SOURCE DATA
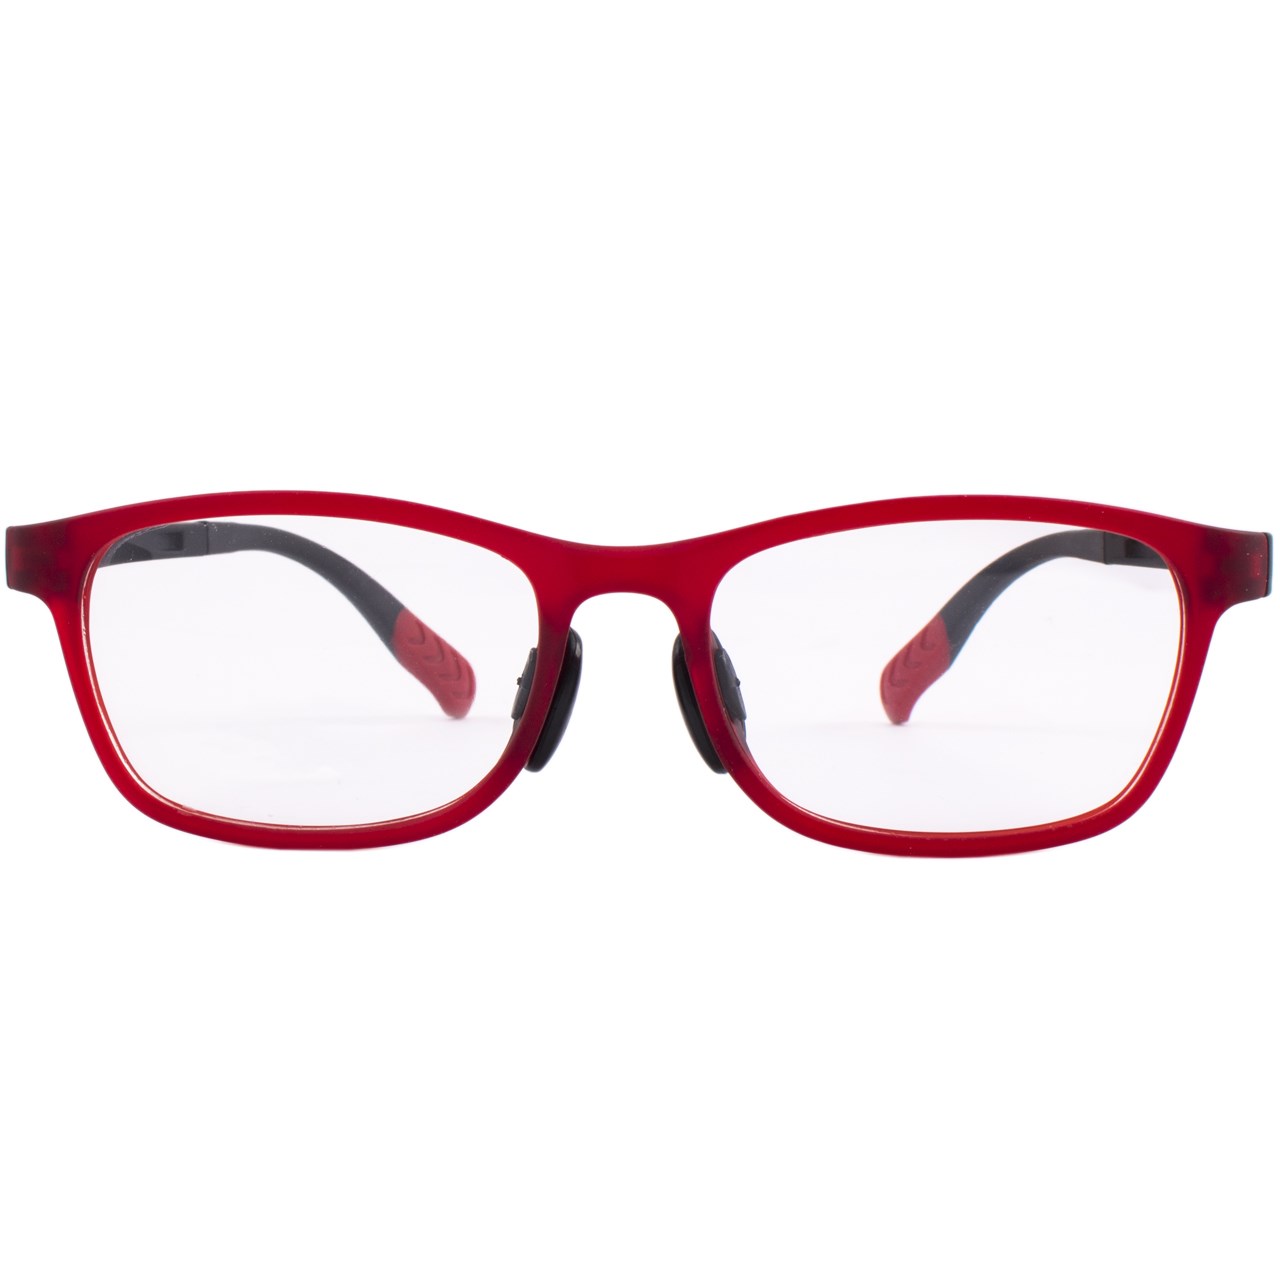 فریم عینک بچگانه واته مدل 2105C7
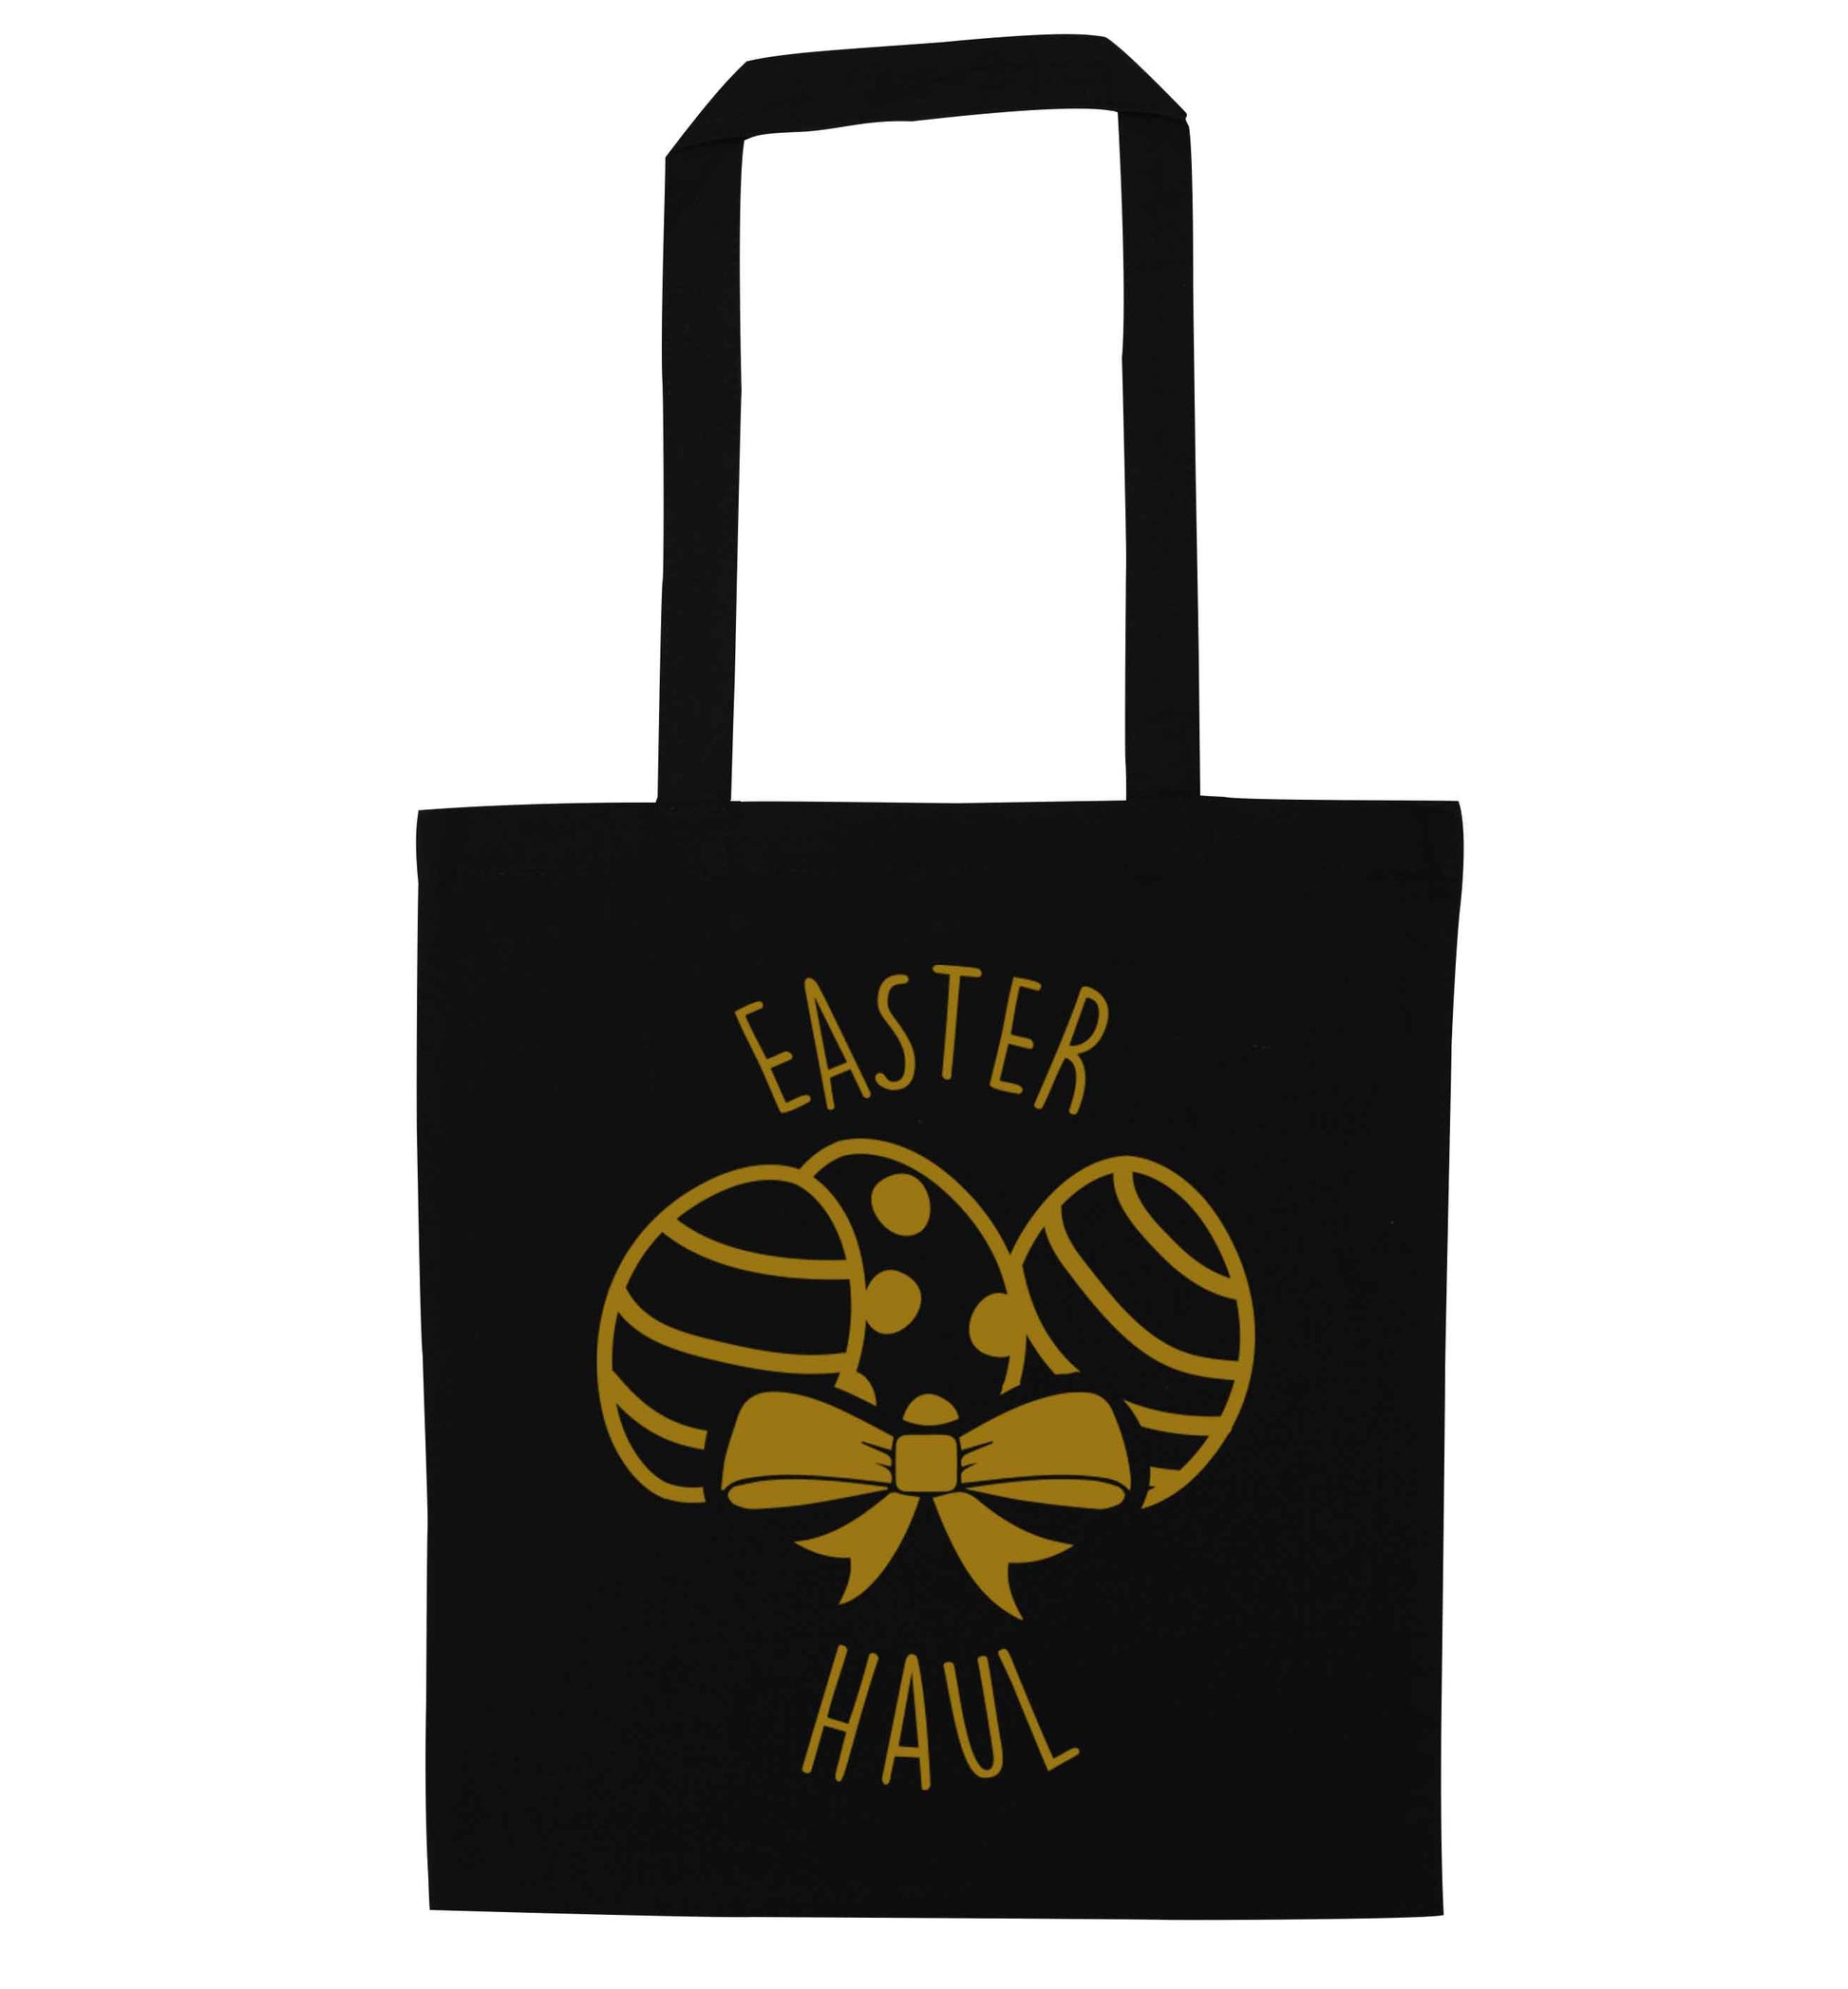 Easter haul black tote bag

==

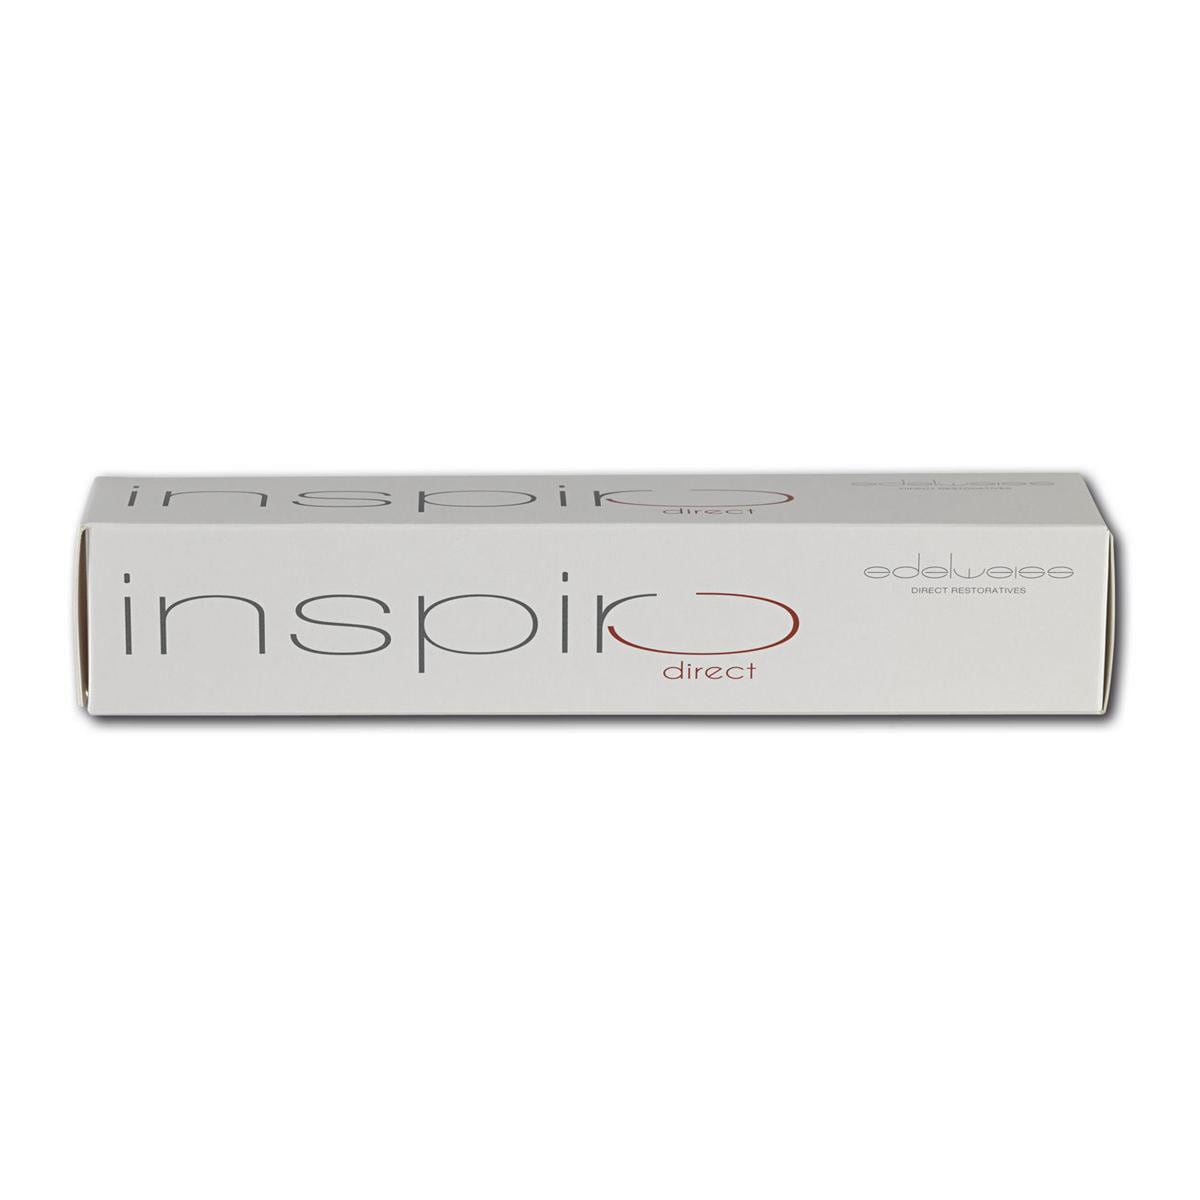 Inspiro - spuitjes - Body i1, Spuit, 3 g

--

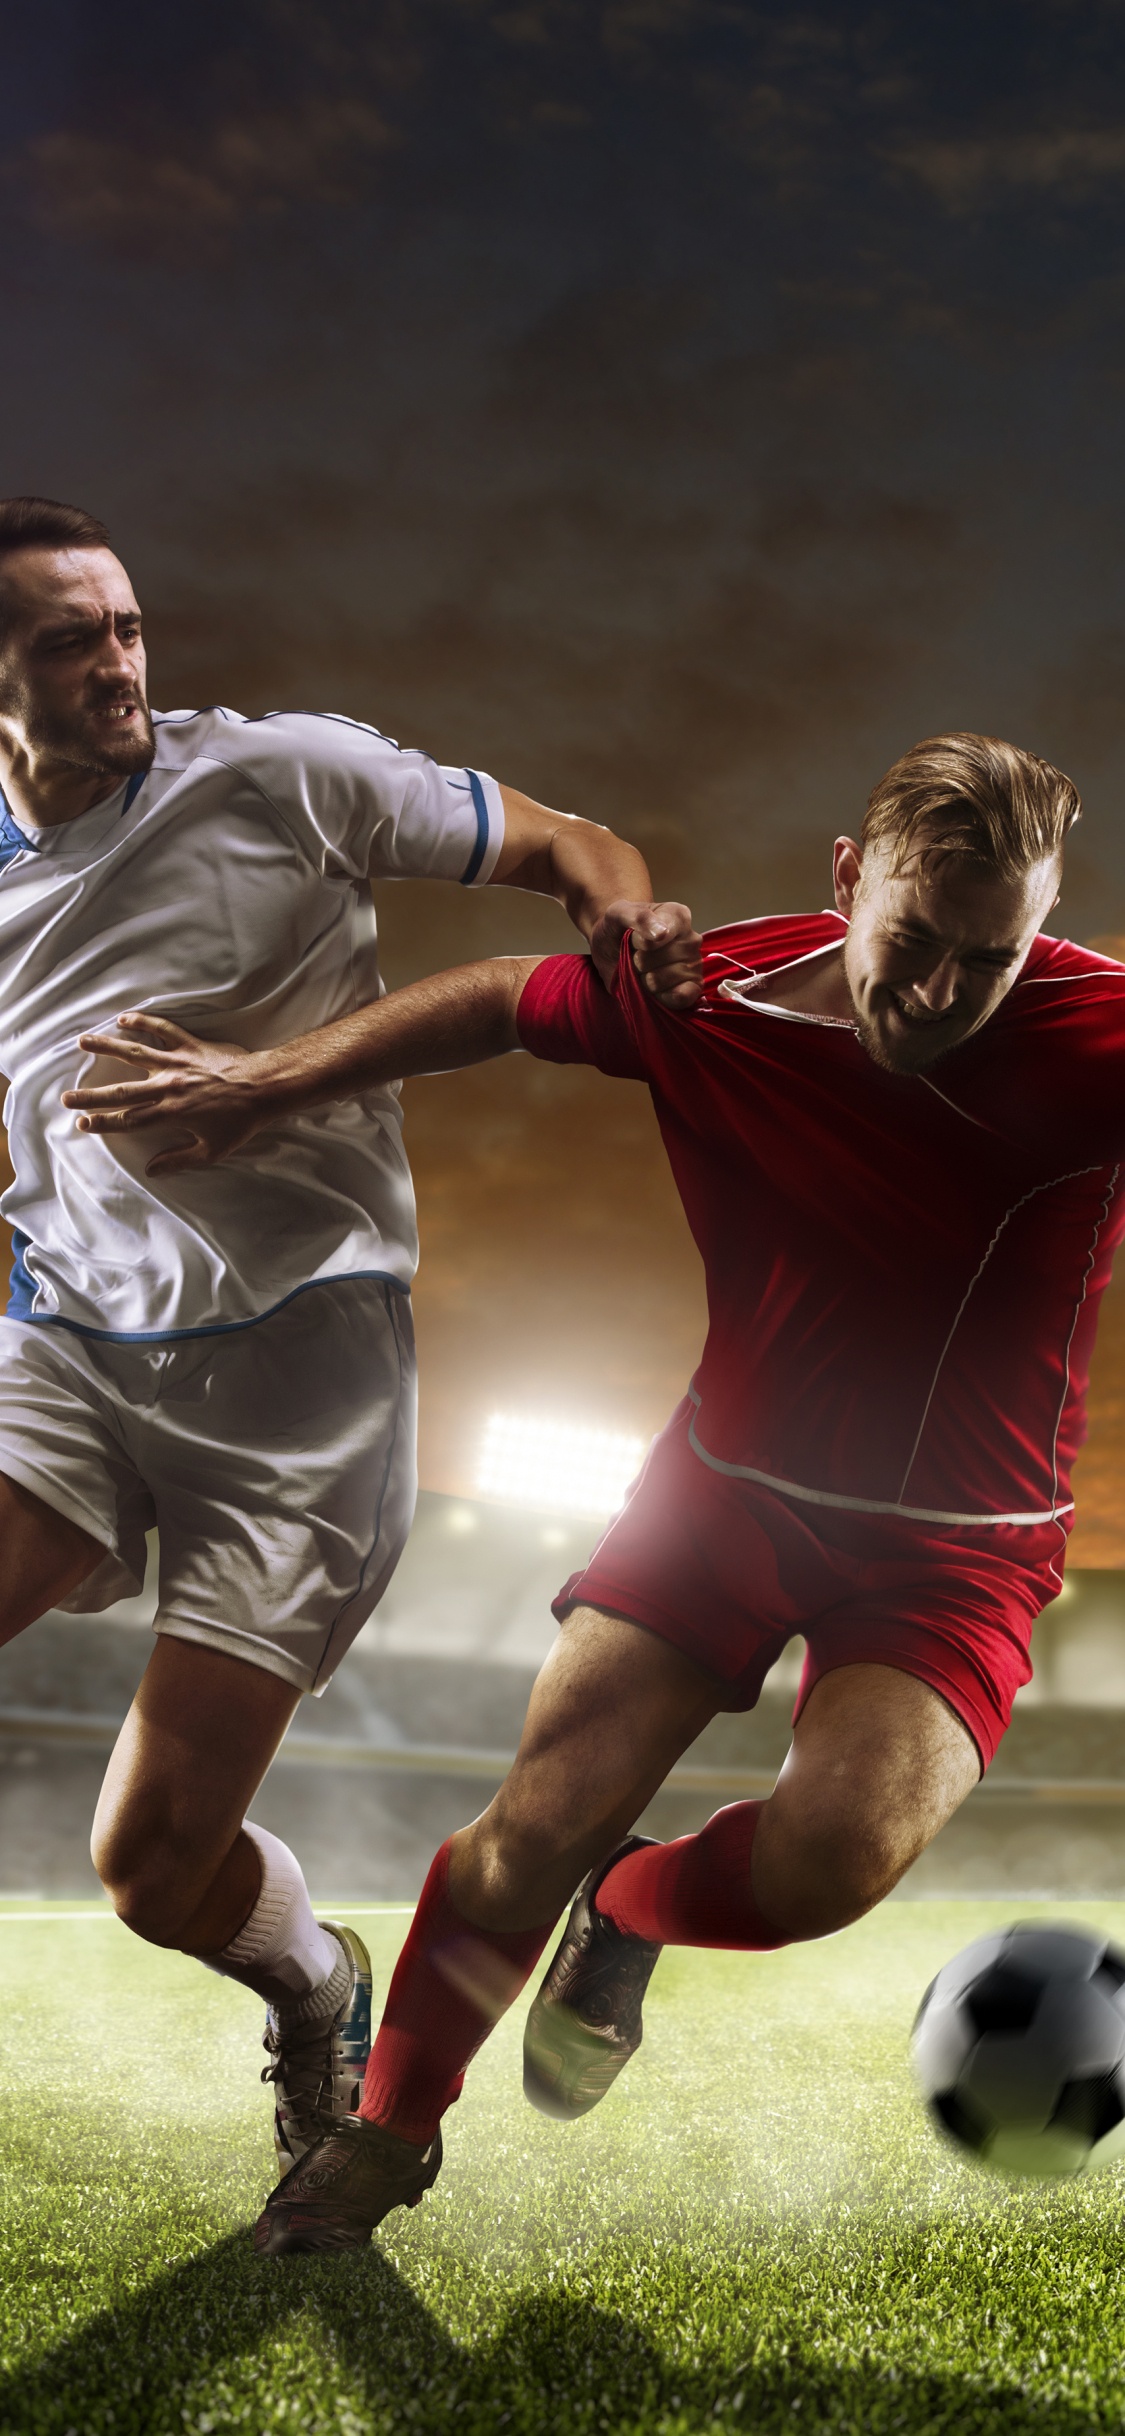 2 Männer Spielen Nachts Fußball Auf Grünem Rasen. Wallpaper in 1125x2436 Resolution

INSTRUCTIONS TO FOLLOW
Reproduce the entries exactly, from the line with "فریم عینک بچگانه واته مدل 2105C7" to the line with "Easter haul black tote bag", both lines included, keeping no pictures.

TASK ANSWER
 فریم عینک بچگانه واته مدل 2105C7
 Easter haul black tote bag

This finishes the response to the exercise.